Exclusive: Win Win ‘s Maternal Figure, Amy Ryan


The first time ComingSoon.net spoke with Amy Ryan, it was for a spotlight piece right around the time she was making waves for her performance in Ben Affleck’s debut Gone Baby Gone, a role for which the New York actress received an Oscar nomination.

It’s now three-and-a-half years later and Ryan has worked with Oscar-nominated filmmakers like Clint Eastwood and Paul Greengrass, while at the same time receiving raves for her return to television with her role on “In Treatment” and “The Office.” People have been just as thrilled with her role in Thomas McCarthy’s Win Win opposite Paul Giamatti, playing the far more reasonable spouse to his neurotic Jersey lawyer and high school wrestling coach.

This time, ComingSoon.net got to speak with the actress in person while she was back in New York for the film’s junket a few weeks ago.

ComingSoon.net: I spoke with Tom earlier and I know you two have known each other for a long time, so how did he approach you about playing Jackie? Did he give you a script, did he just tell you about the character and story?
Amy Ryan:
Yeah, he called me one day and he said, “I’m working on this script and I’m writing something with you in mind,” and once he had the draft to send me… Tom works in a beautiful way. “I’m going to keep developing it, so let’s keep an open dialogue” and we did over Emails. I think it was about a year or maybe eight months from that time until we started shooting. So during that time, we kept Emailing back and forth because he kept thinking the character should go this way and we had a really open dialogue about it.

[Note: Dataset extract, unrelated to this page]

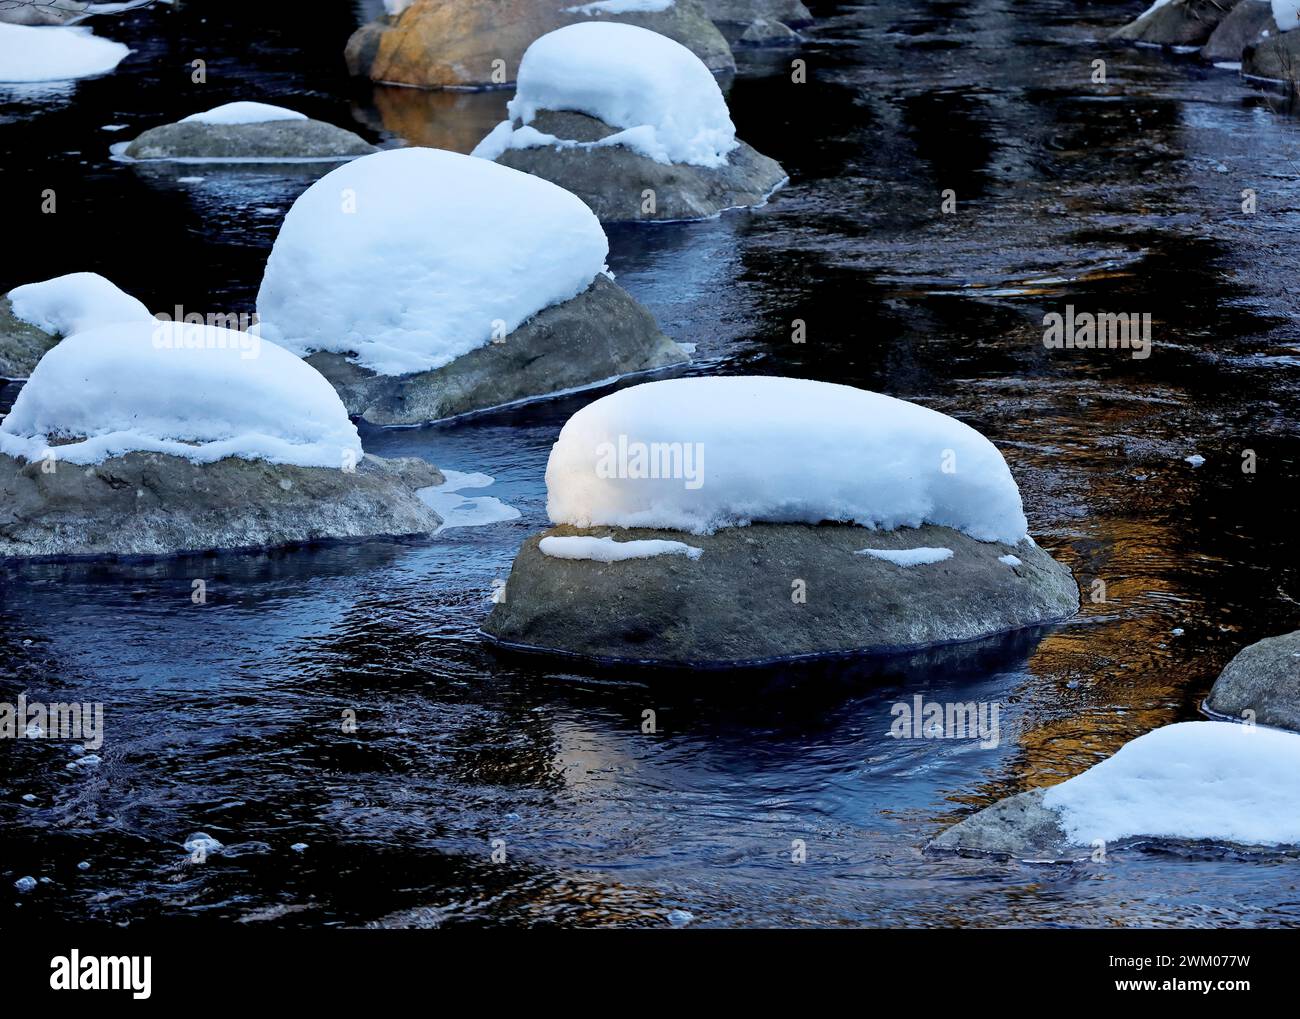 Snow covered stones in a river at daylight Stock Photo
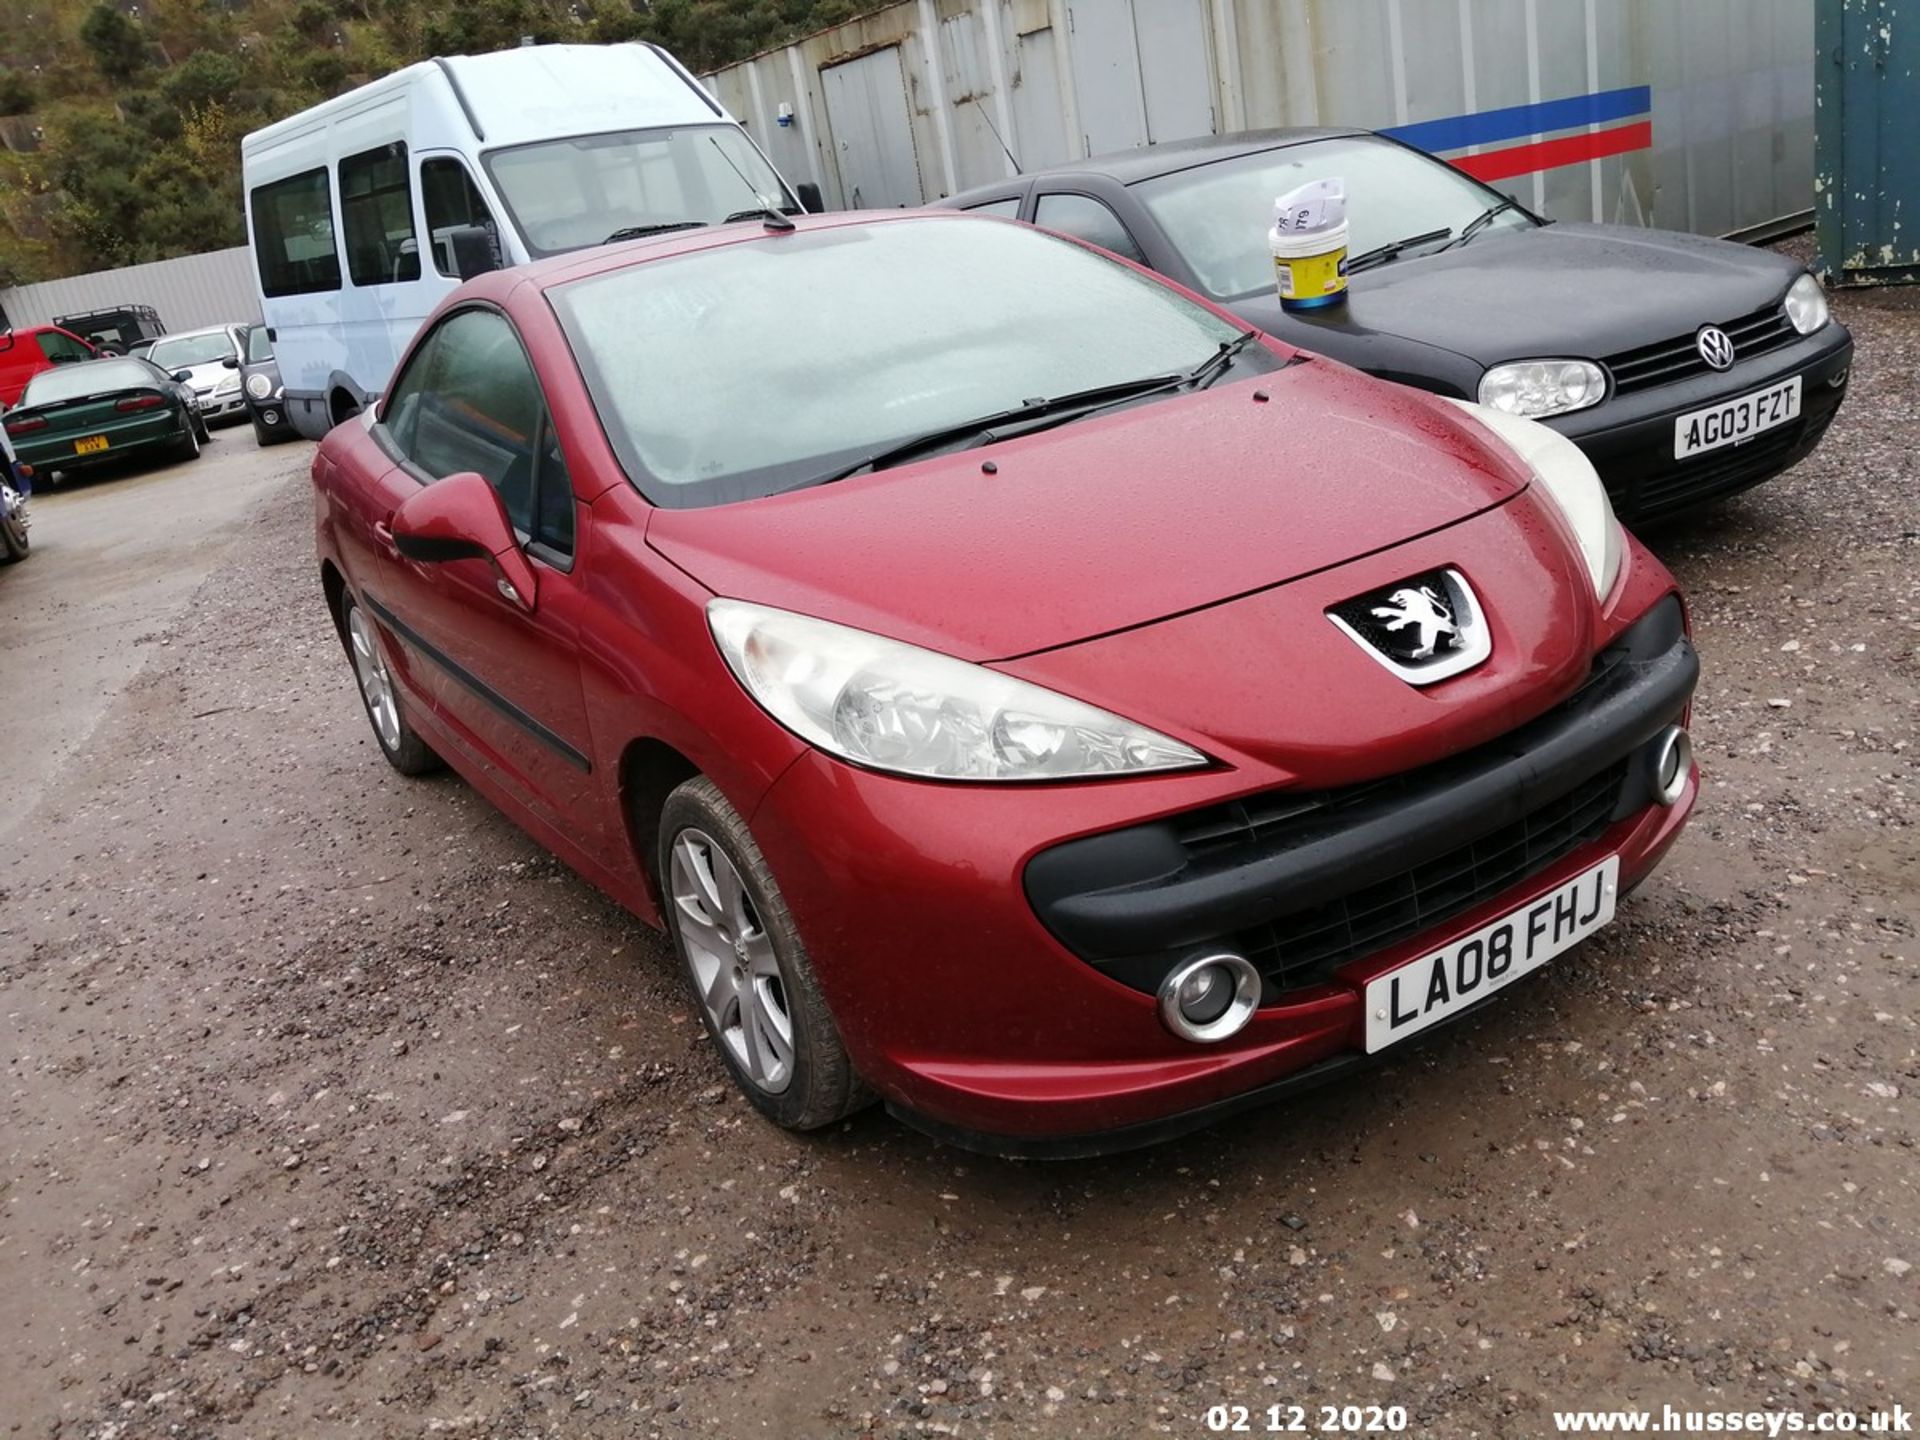 08/08 PEUGEOT 207 SPORT CC - 1598cc 2dr Convertible (Red, 93k) - Image 5 of 9

CS: Did you see a lot of drafts along the way or did you just talk and then waited until he had something that was ready to shoot?
I feel like it’s more like it’s the same draft then it was just added within. I mean certain elements of the character were changed here and there. There was a version where she was pregnant and that’s why she was removed from really what’s going on with Mike’s world, but we thought, “No, that just seems false that he would try to protect her because she’s in a delicate state. That’s too old-fashioned.”

CS: So you two talked a lot about the character before he had a final draft?
Oh, yeah. And then even while we were filming, there were scenes like the scene with Kyle and the tattoo, that was added. He knew he wanted to add a scene in which they do cement their bonds, but that wasn’t in the script. That was added while we were filming.

CS: Have you had that kind of relationship with any other director or filmmakers who write their own scripts?
Not on that level as the script is being written, certainly on set and that open dialogue I’ve experienced many times, but not in the developing of a script, that was new.

CS: This is a great character and I remember talking to you ages ago and I noted that you played a lot of mothers and you said that there were “many different stories about motherhood” and at least Jackie seems to be a good mother as opposed to the other ones you’ve played.
I know. I remember a friend of mine said, “You’ve never played a good mother, that’s exciting,” and I was like, “Oh, you’re right, you’re right!” And it was. It did feel good to play that strong kind of woman, very protective of her cub and also very much her own person with her own opinion.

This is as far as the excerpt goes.